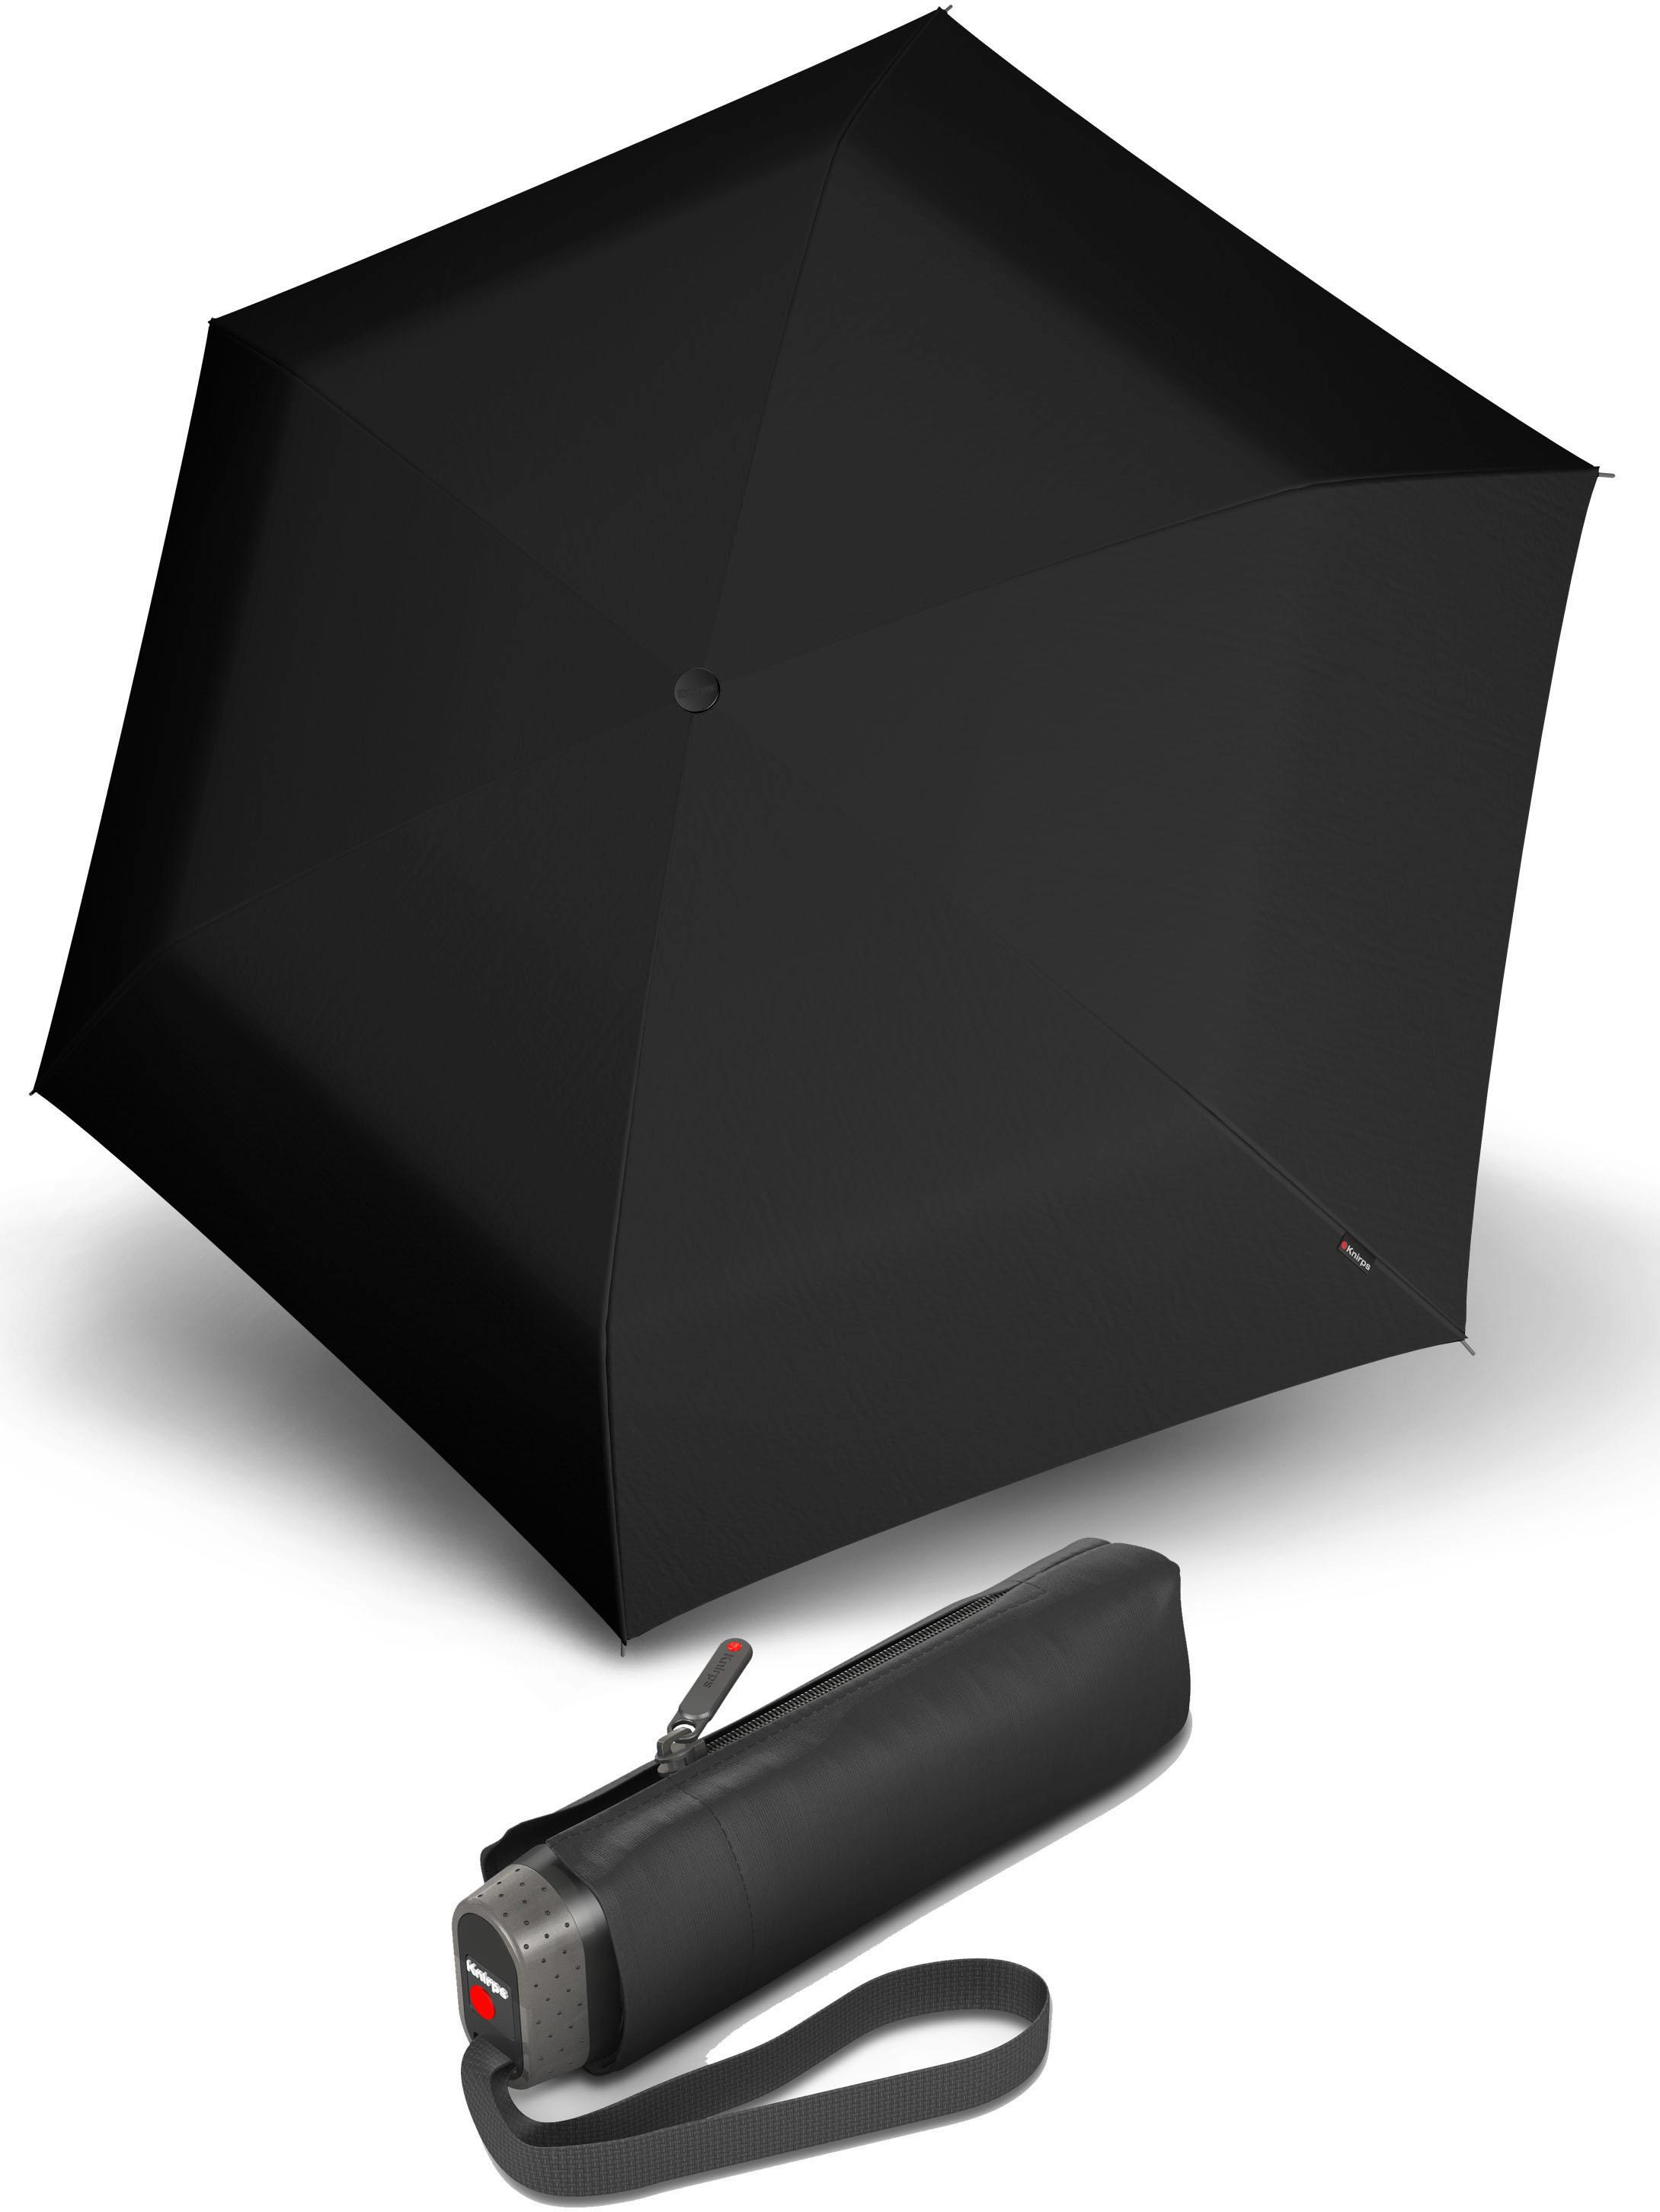 Knirps® Regenschirm - Taschenschirm, »TS.010 Slim Small Manual black« | Accessoires > Regenschirme | Schwarz | KNIRPS
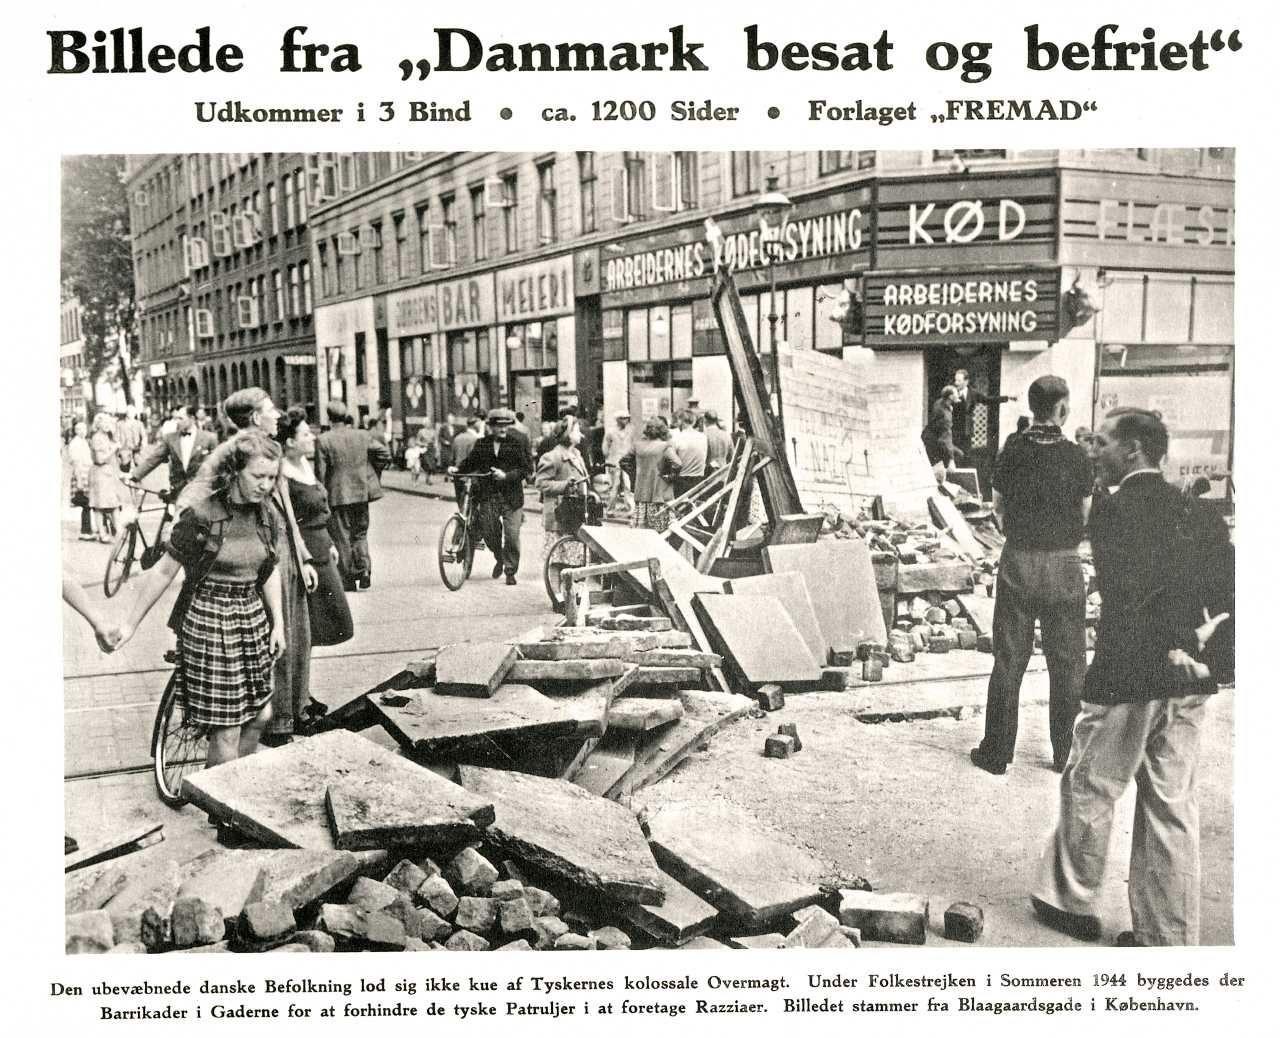 Folkestrejken 1944 Foto: Nationalmuseet, Danmark. Licens: No known rights.
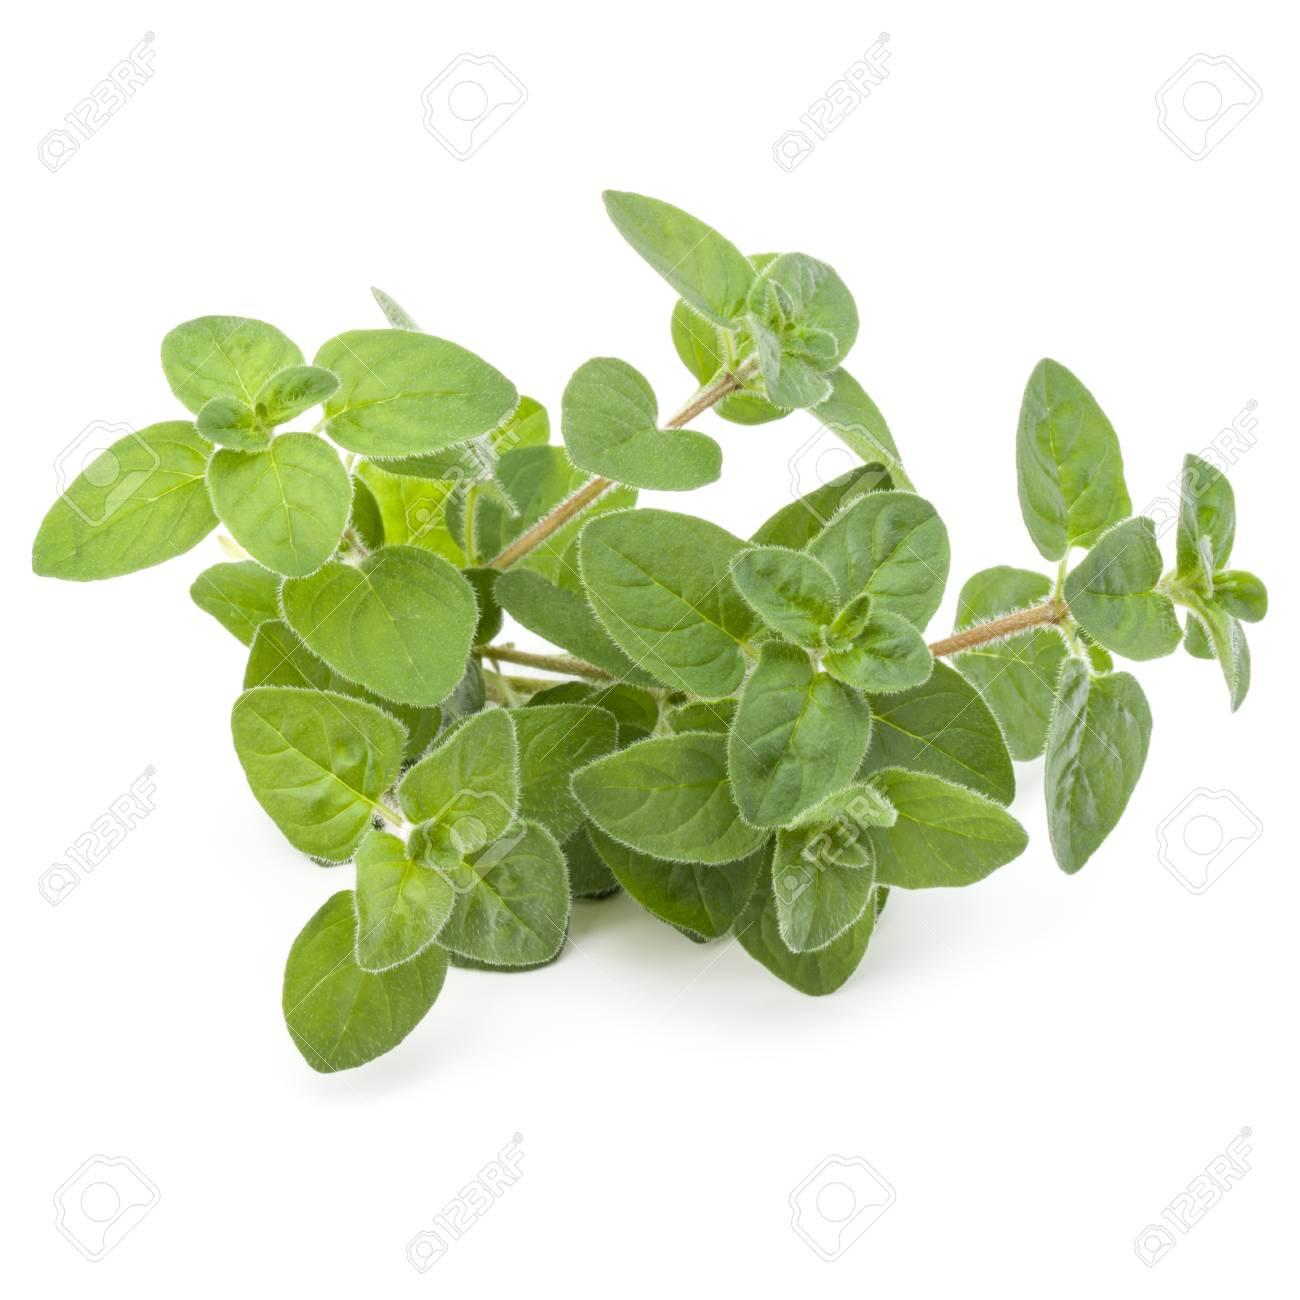 Oregano or marjoram leaves isolated on white background cutout - 88716776
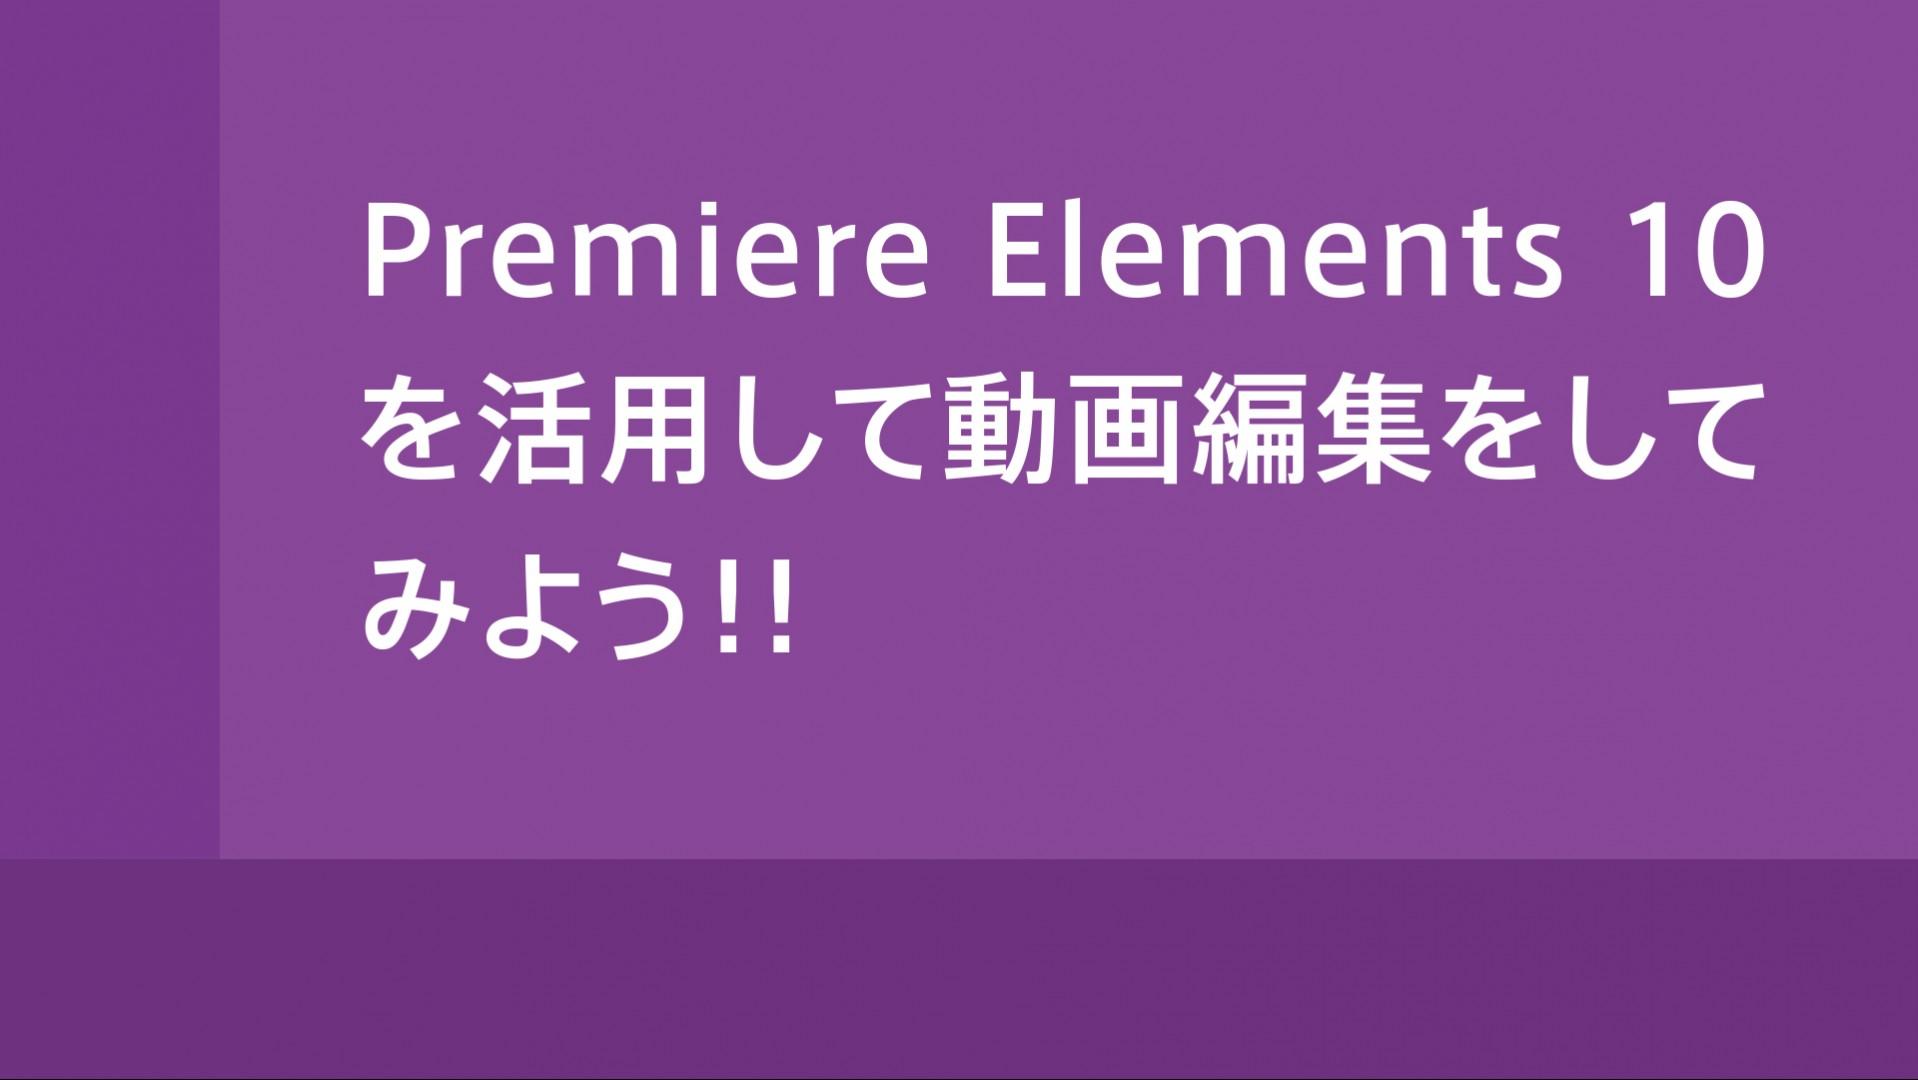 Premiere Elements 10 タイムライン表示に切り替える

▸ **EXERCISE GOAL**: Quote the data exactly, leaving every image out of the copy.

▸ **SOLUTION FOR THIS TASK**:
 Knirps® Regenschirm - Taschenschirm, »TS.010 Slim Small Manual black« | Accessoires > Regenschirme | Schwarz | KNIRPS
 Folkestrejken 1944 Foto: Nationalmuseet, Danmark. Licens: No known rights.
 Oregano or marjoram leaves isolated on white background cutout - 88716776
 Premiere Elements 10 タイムライン表示に切り替える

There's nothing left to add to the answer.